Nayagam P P  |10899 Answers  |Ask -

Career Counsellor - Answered on Aug 07, 2025

Career
Sir, What should I prefer IIIT Vadodara ECE, NIT Surat MECH, VIT Pune CSE, VJTI MECH, SPIT ECE, OR PICT ECE
Ans: Pravin, Among the options—IIIT Vadodara ECE, NIT Surat Mechanical, VIT Pune CSE, VJTI Mechanical, SPIT ECE, and PICT ECE—each offers specific strengths in academics, placements, infrastructure, and industry connect. PICT Pune stands out for Electronics and Communication Engineering with a consistent 88–93% placement rate, an average salary between 8–12 LPA, robust training, and top tech recruiters. VJTI Mumbai’s Mechanical branch is highly valued for its nearly 90% placement, respected government credentials, experienced faculty, and excellent alumni support, though core mechanical jobs remain limited nationally, and many graduates transition to allied fields. VIT Pune’s CSE program boasts an 86% placement rate, a median salary around 7.5 LPA, leading recruiters, and a dynamic campus in Pune’s tech hub, catering to the growing IT sector. NIT Surat’s Mechanical Engineering is supported by stable placements (70–80%), top recruiter participation, and a legacy of technical rigor, but as with many mechanical programs nationally, specialization in coding or digital skills enhances prospects. SPIT ECE, an autonomous and consistently top-ranked Mumbai college, places 80–95% of students with solid core and software recruiters, emphasizing technical projects and minor specialization options; however, infrastructure is more basic and hostel options are limited. IIIT Vadodara ECE offers strong industry connections, top recruiter participation, and an average package of around 12 LPA, but placement percentages are marginally lower and tech-core exposure is still developing compared to the above Mumbai and Pune campuses. All these institutes feature active placement cells, qualified faculty, student-driven clubs, and solid links with industry, but IT and allied digital domains show broader prospects compared to core mechanical and traditional ECE branches—a trend heightened by ongoing AI and automation transitions. Academic environment, alumni network, city location, and campus life at Pune and Mumbai colleges further enrich career visibility and student exposure.

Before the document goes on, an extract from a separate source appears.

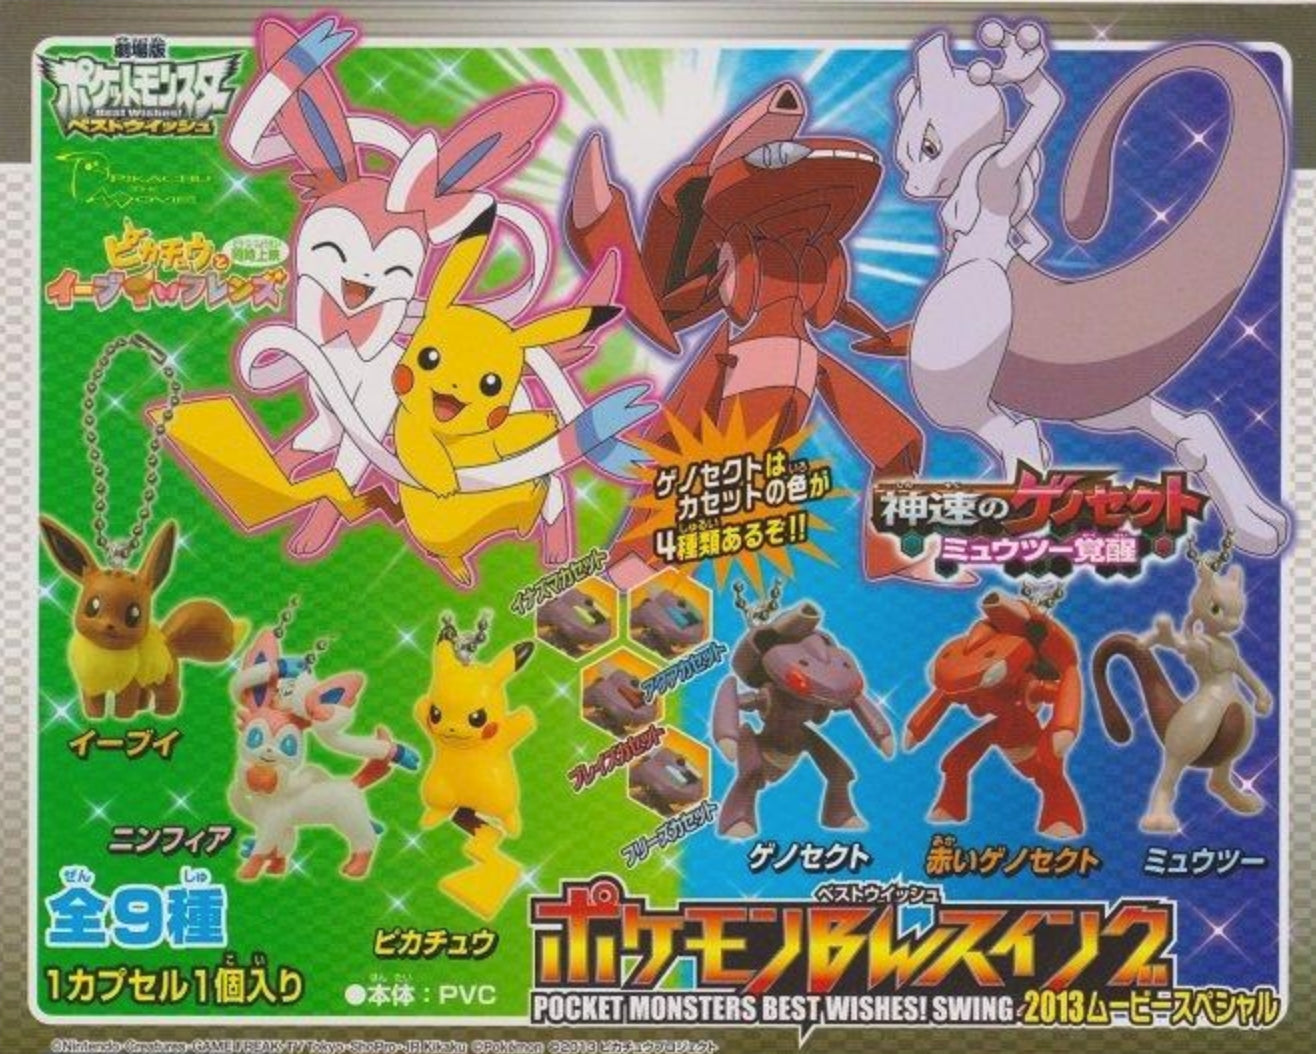 Bandai Pokemon Pocket Monster Best Wishes BW The Movie Swing 9 Collection Figure Set

Recommendation: Order of preference: PICT Pune ECE, VJTI Mechanical, VIT Pune CSE, SPIT ECE, NIT Surat Mechanical, IIIT Vadodara ECE. PICT and VIT Pune offer the best blend of placements, industry interface, and urban advantage, with VJTI excelling in mechanical for those with core interests, while NIT Surat and IIIT Vadodara serve as solid alternatives for specific career goals in engineering and electronics.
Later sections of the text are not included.